Then I found myself sitting up on the ground with a man from my patrol supporting my head.

Now, this is the strange thing. I was instantly and absolutely oblivious when the shell exploded. All the sensations I have described came when I was recovering consciousness. Surgeons have told me since then that they were exactly what the shell caused when it exploded, but that my brain did not register them until my senses returned. My clothes were scorched and even my hair was singed. I do not know why I was not killed, but in a few hours I was ready for duty once more. The man who picked me up said that the shell had burst some little distance overhead. If it had struck the ground close to me, it would doubtless have sent me “west.”

The game had now been turned about. We were the pursuers. Most of the fighting was between the enemy’s rear guard and our contact patrols—until we reached the Aisne. The Huns crossed the river, but they blew up the bridges behind them. The last of the retreating troops were scarcely across before the detonators were set off.

We were held up for a while on the Aisne while our engineers constructed pontoon bridges. The Germans had the range, and they almost wiped out our entire battalion of engineers before our troops could cross.

I saw a working raft swing out into the river with about twelve men on it. A single burst of shrapnel exploded in their midst and there wasn’t a man left standing. One of them crawled to the stern and began pushing the raft toward shore with a pole but he was so weak that the current kept swinging him down a stream. A sniper got him.

The raft was drifting away. Nobody expected to see the men on it again, but, in the face of shrapnel and a nasty fire from snipers, three men, stark naked, jumped into the stream and struck out for the raft. The water around them was whipped by bullets, but our boys located the snipers and got the range and quieted them. The first man reached the raft. His hands were over the edge. He had just pushed his head and shoulders over the side when a rifle snapped and he slipped back into the water; then I saw the German who had fired at him topple out of a tree. A dozen shots must have struck him. The two other swimmers were alongside the raft now and climbed upon it. I could see that one was bleeding at the shoulder. Our men pulled the wounded man upon the raft, and brought it to shore. Their heroism saved the lives of five men who otherwise would have drifted away and probably died.

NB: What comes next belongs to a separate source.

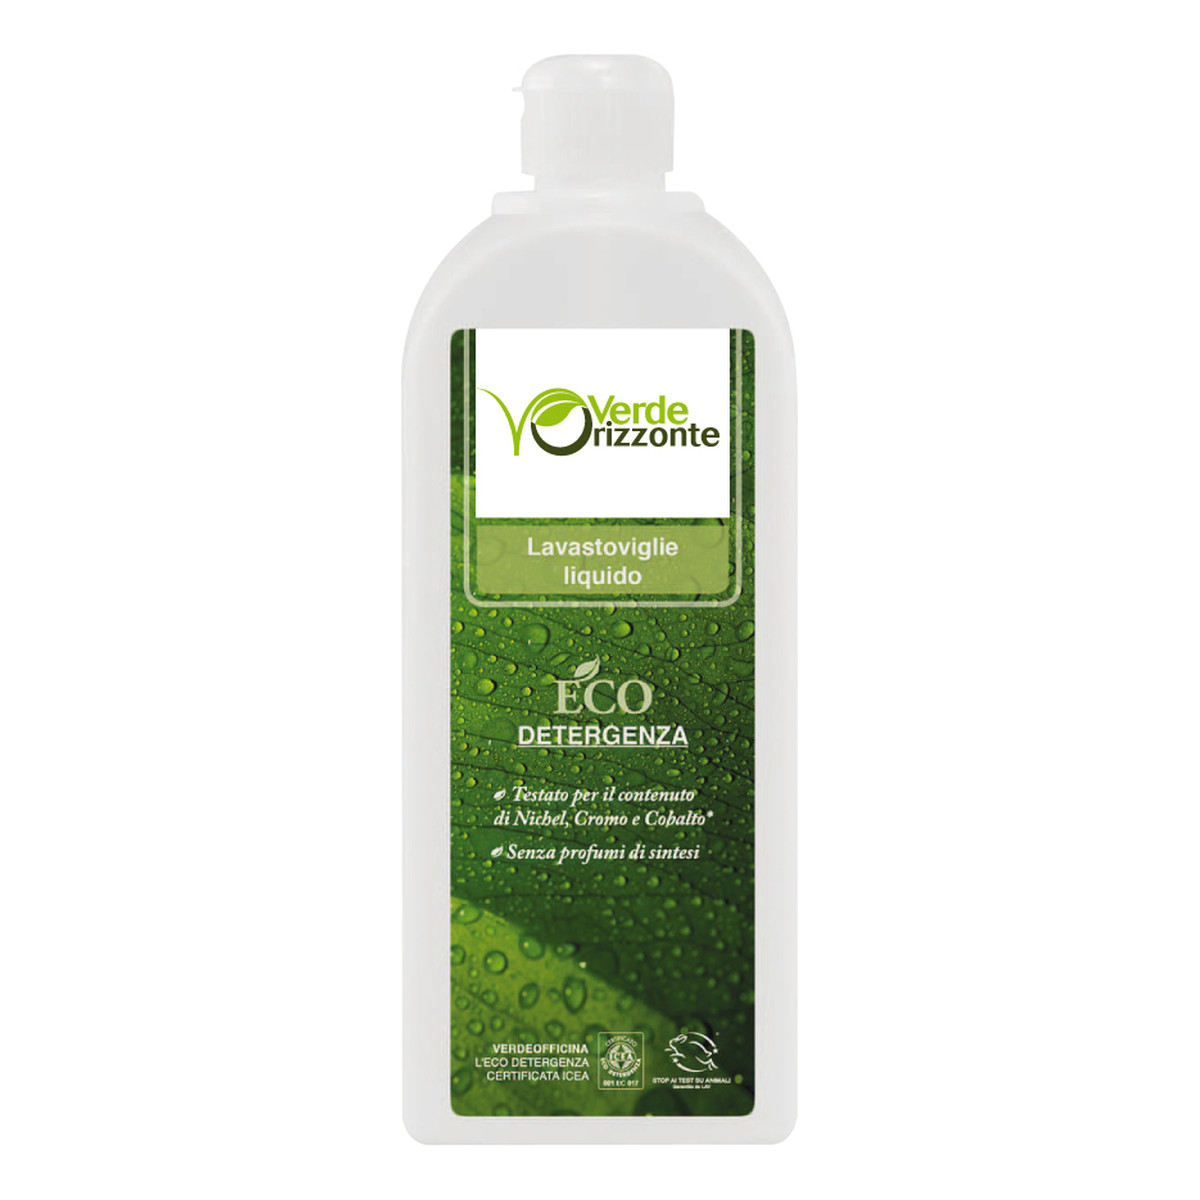 Verde Orizzonte Ekologiczny eukaliptusowy płyn do zmywarki 500ml

Soon our own artillery began to locate the German guns, whose fire diminished. Then our infantry began to cross the river at a dozen points. On the opposite bank was a village by the name of Bourg. Up and down hills we worked our way, forcing the enemy off the ridges. The details of the operations would not be of interest. We wanted to close with the bayonets, but the boches weren’t ready for that, and they dropped back foot by foot, keeping up a hot fire.

On this side of the river were numerous stone quarries, and in these we found tons and tons of ammunition for the heavy German guns. The type and manufacturers’ marks showed that some of it was made as far back as the Franco-Prussian war. It had been lying in caches in the quarries for years, the Prussians having bought titles to some of the land through spies who posed as Frenchmen. They had been making use of this ammunition against us. It shows how long ago the war was planned and by whom. In some of the quarries we uncovered re-enforced concrete fortification and emplacements for cannon.

Our commander, Colonel Grant Duff, was in the thickest of the fighting. I saw him distributing bandoliers of ammunition along the firing line. His men tried to make him go to the rear, but we were having a tough time to keep fire superiority, and we needed every man in the line. Suddenly Colonel Duff staggered and slouched forward on his hands and knees. The bandoliers he was carrying, scattered. Several men rushed to him but he got to his feet himself and ordered them back to their posts. An ugly red stain was spreading over his tartan riding breeches and leggings, but he staggered onward with the ammunition. He had not gone a dozen steps when both his arms flew up into the air and he fell backward. This time he did not move. He had been shot straight through the heart, and another commander of the Black Watch had gone to join the long line of heroes who had so often led this regiment to victory.

Many of our company commanders were picked off by the enemy because of their distinctive dress, their celluloid map cases affording excellent targets.